Impact of HIV infection on Zambian businessesBMJ 1994; 309 doi: https://doi.org/10.1136/bmj.309.6968.1549 (Published 10 December 1994) Cite this as: BMJ 1994;309:1549
- Rachel Baggaley, medical and research coordinatora,
- Peter Godfrey-Faussett, lecturerb,
- Roland Msiska, director Zambart projecta,
- Diane Chilangwa, research assistanta,
- Eusabio Chitu, HIV outreach programme coordinatora,
- John Porter, senior lecturerc,
- Michael Kelly, director National AIDS Control Programme, Ministry of Health, Zambiaa
- a Kara Counselling and Training Trust, PO Box 37559, Lusaka, Zambia
- b Department of Medicine, PO Box 50110, University Teaching Hospital, Lusaka, Zambia
- c London School of Hygiene and Tropical Medicine, London WC1E 7HT
- Correspondence to: Dr Baggaley.
- Accepted 30 September 1994
Women attending antenatal clinics in Zambia have rates of HIV infection of 11-30%.1 Deaths from the disease are likely to affect the economy of individual families and, if widespread, that of the country. Since December 1990 the Kara Counselling and Training Trust has offered education about HIV to local companies. We therefore studied the impact of HIV infection on businesses in Zambia as reported by senior management staff.
A questionnaire designed to assess the quantitative and qualitative impact of HIV infection on businesses was delivered to the personnel managers of 33 companies, including banks, car manufacturers, food and drink manufacturers, and farms. One week later it was collected and any ambiguities were clarified. Death rates were calculated by dividing the annual number of deaths by the total number of employees at the end of each year. Mortality and morbidity trends over the past six years were studied by χ2 analysis.

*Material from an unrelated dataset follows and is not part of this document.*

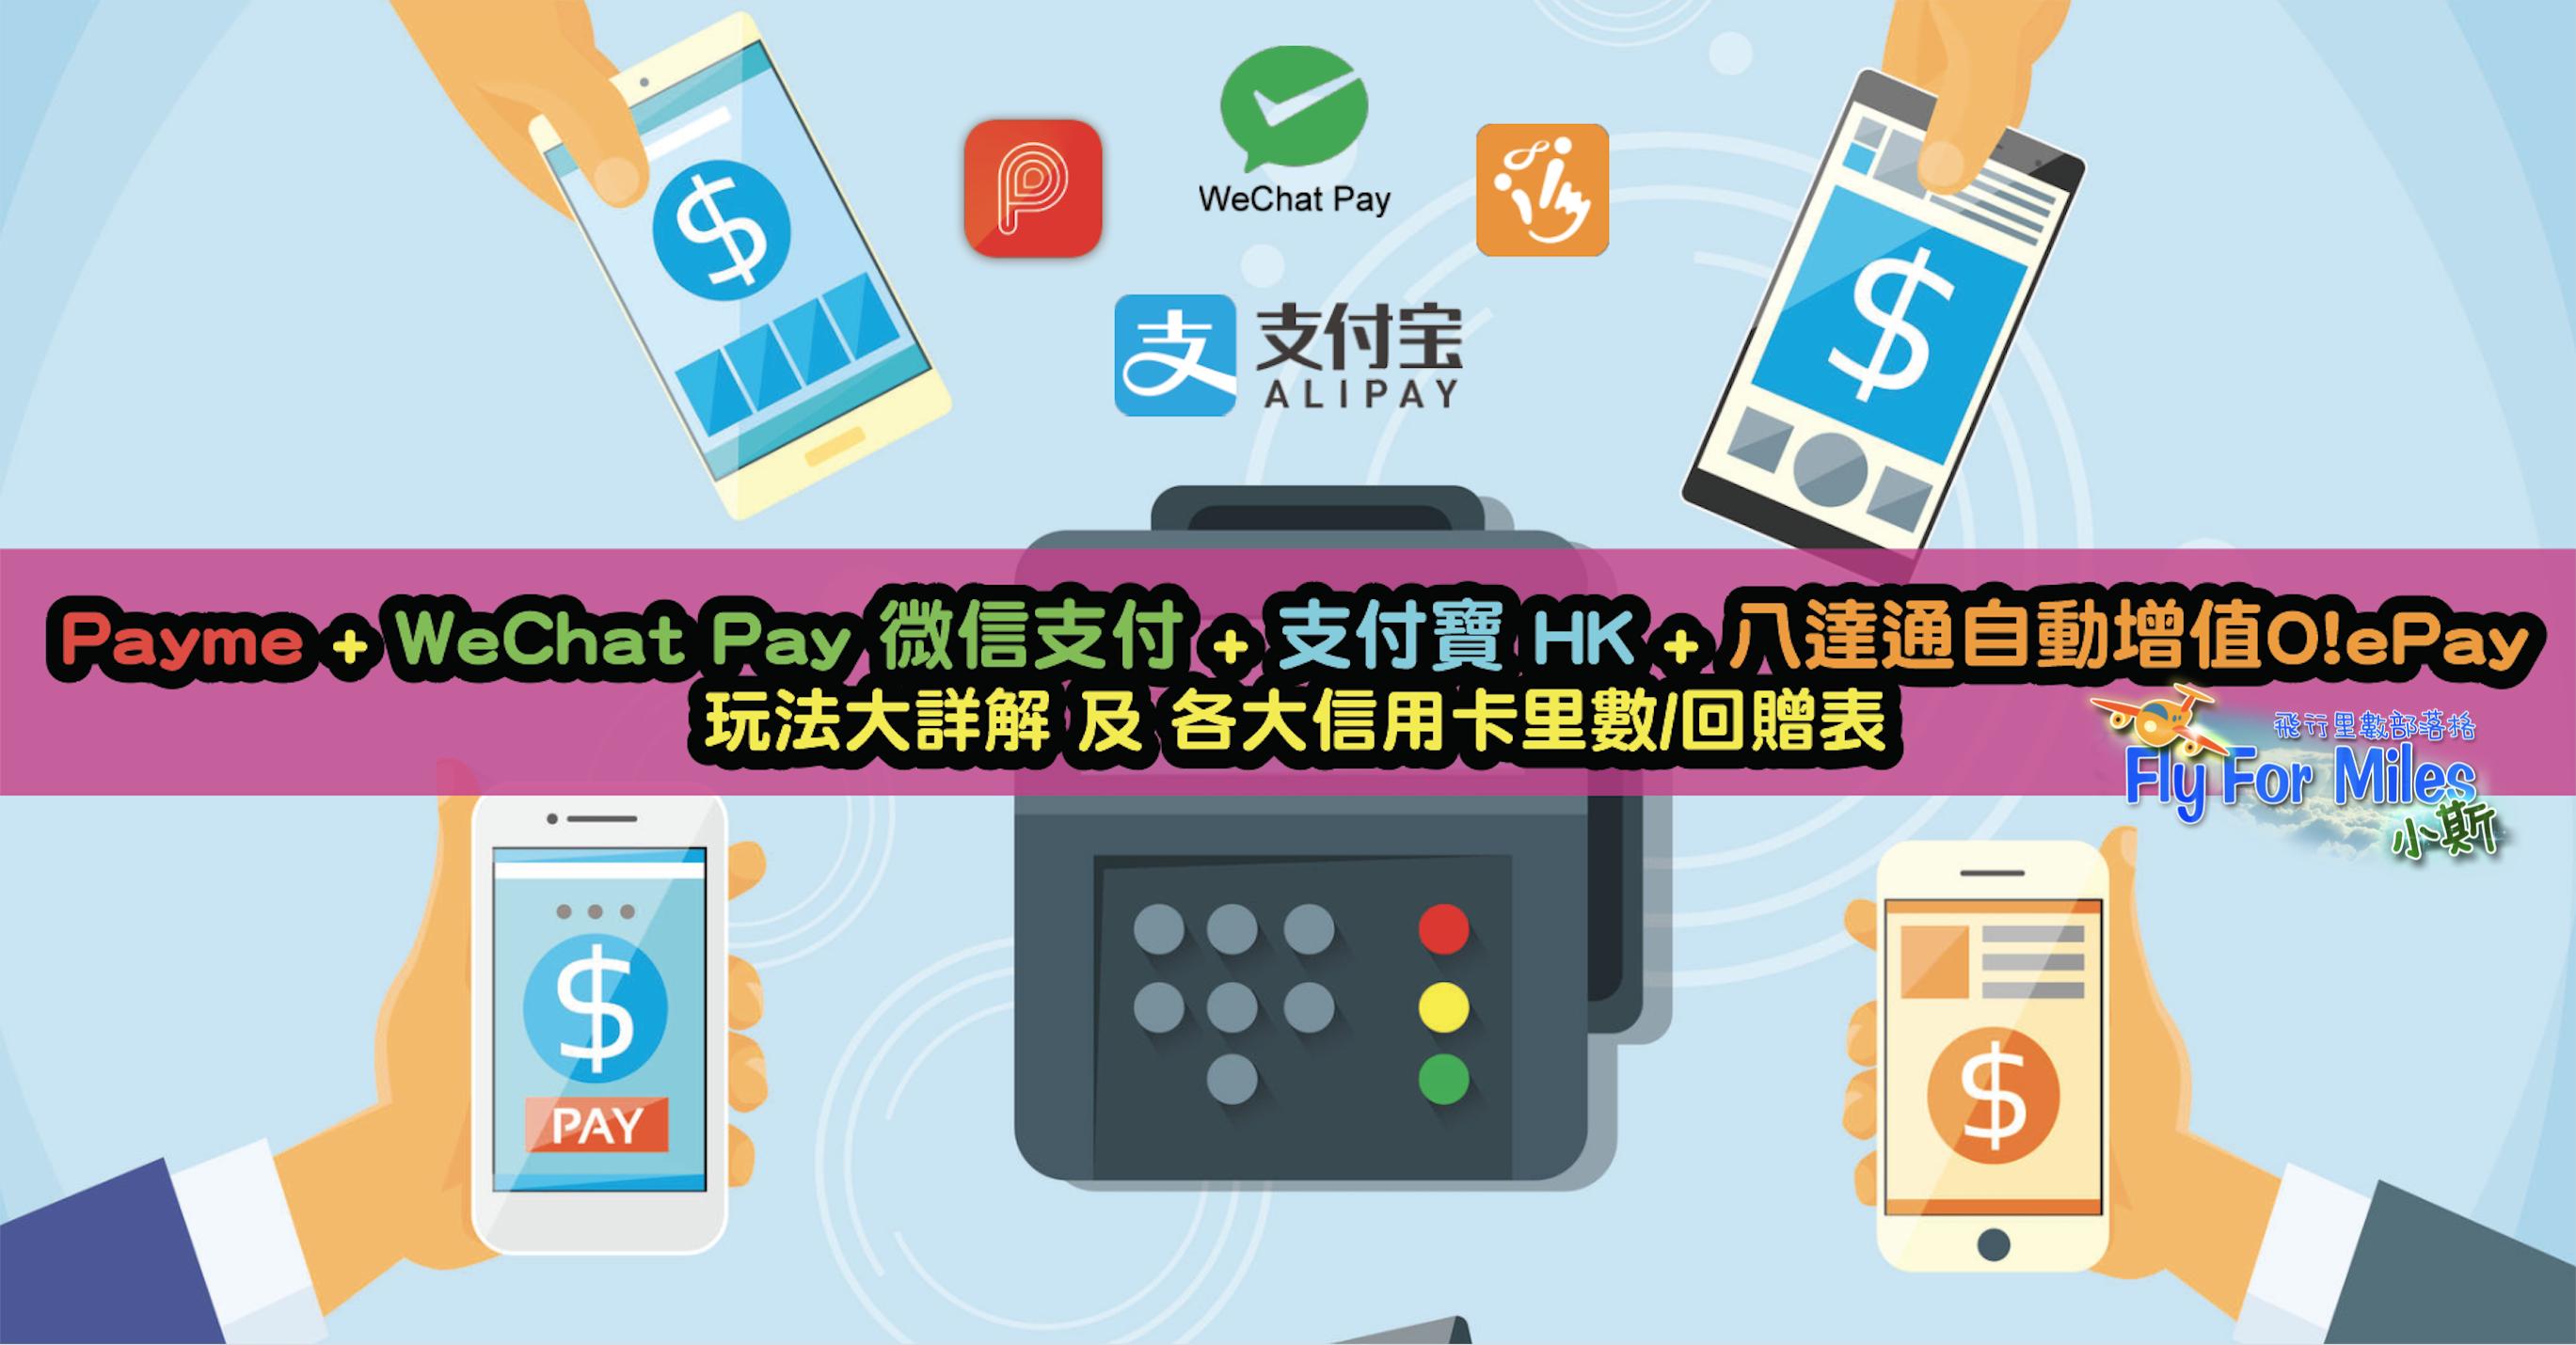 Payme + WeChat Pay 微信支付 + 支付寶 HK + 八達通自動增值O!ePay 玩法大詳解 及 各大信用卡里數/回贈表
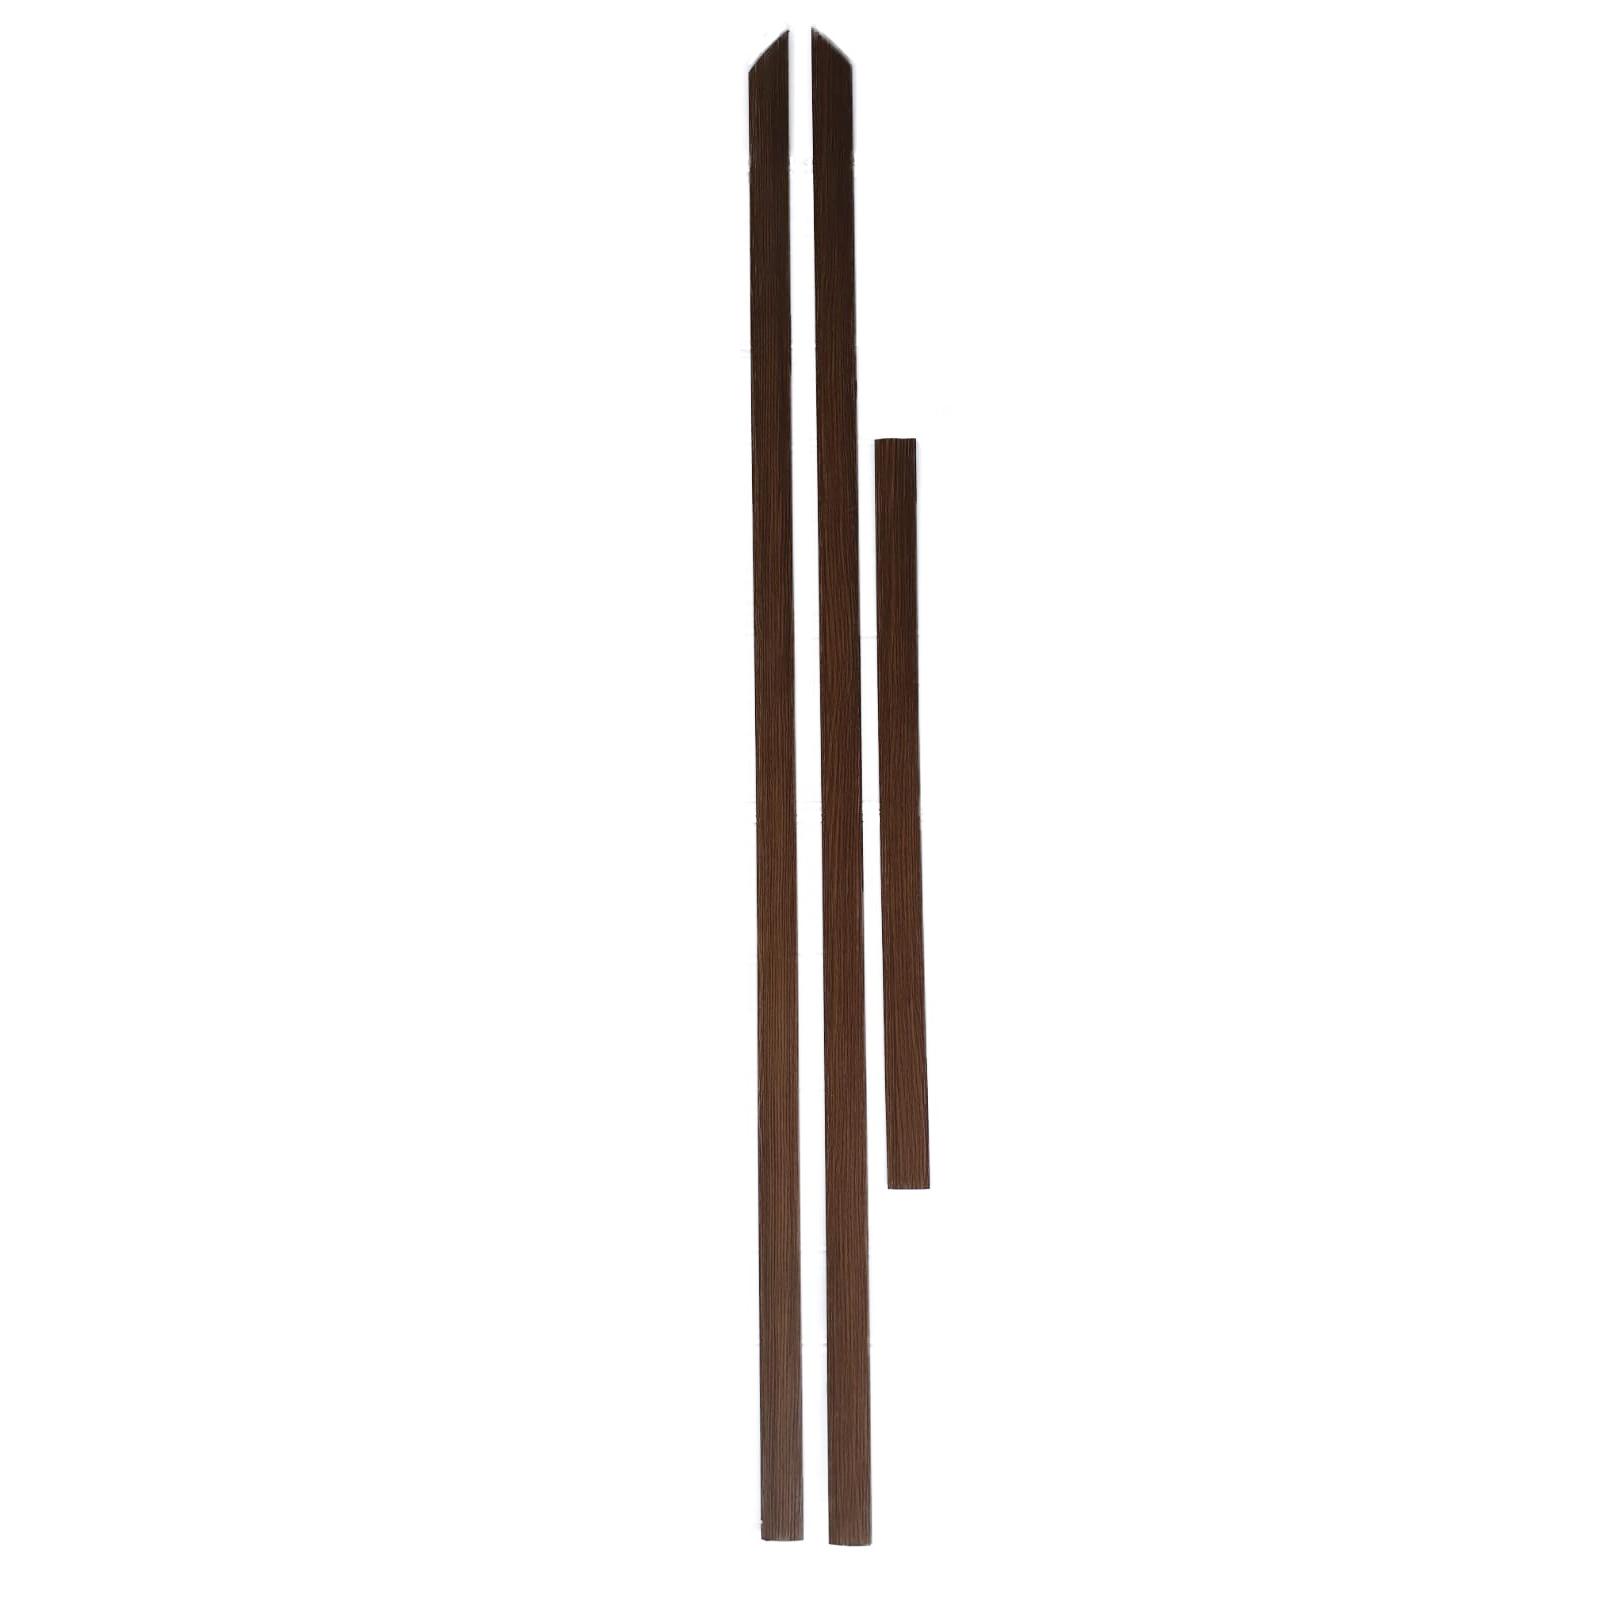 Pervaz usa interior Pamate stejar auriu, 6 x 0,5 cm mathaus 2021

All 33 companies filled in questionnaires: 25 were based in Lusaka, the capital (population 982 000, 1990 census) and eight in the Copperbelt, the other main conurbation (total population 1 200 000, 1990 census). Thirty two questionnaires were returned fully completed. One company could not find its mortality records. The total number of employees in 1993 was 10204 (79% men, 21% women); the range for individual companies was 19 to 1836. The total number of employees did not change significantly over the study period. Most companies had a workforce aged between 18 and 55 years. Four companies had employees over 55 and one over 65.
The crude death rate in this population increased sequentially (P<0.001, χ2 test for trend) from 0.25 per 100 person years in 1987 to 1.83 per 100 person years in 1993 (table).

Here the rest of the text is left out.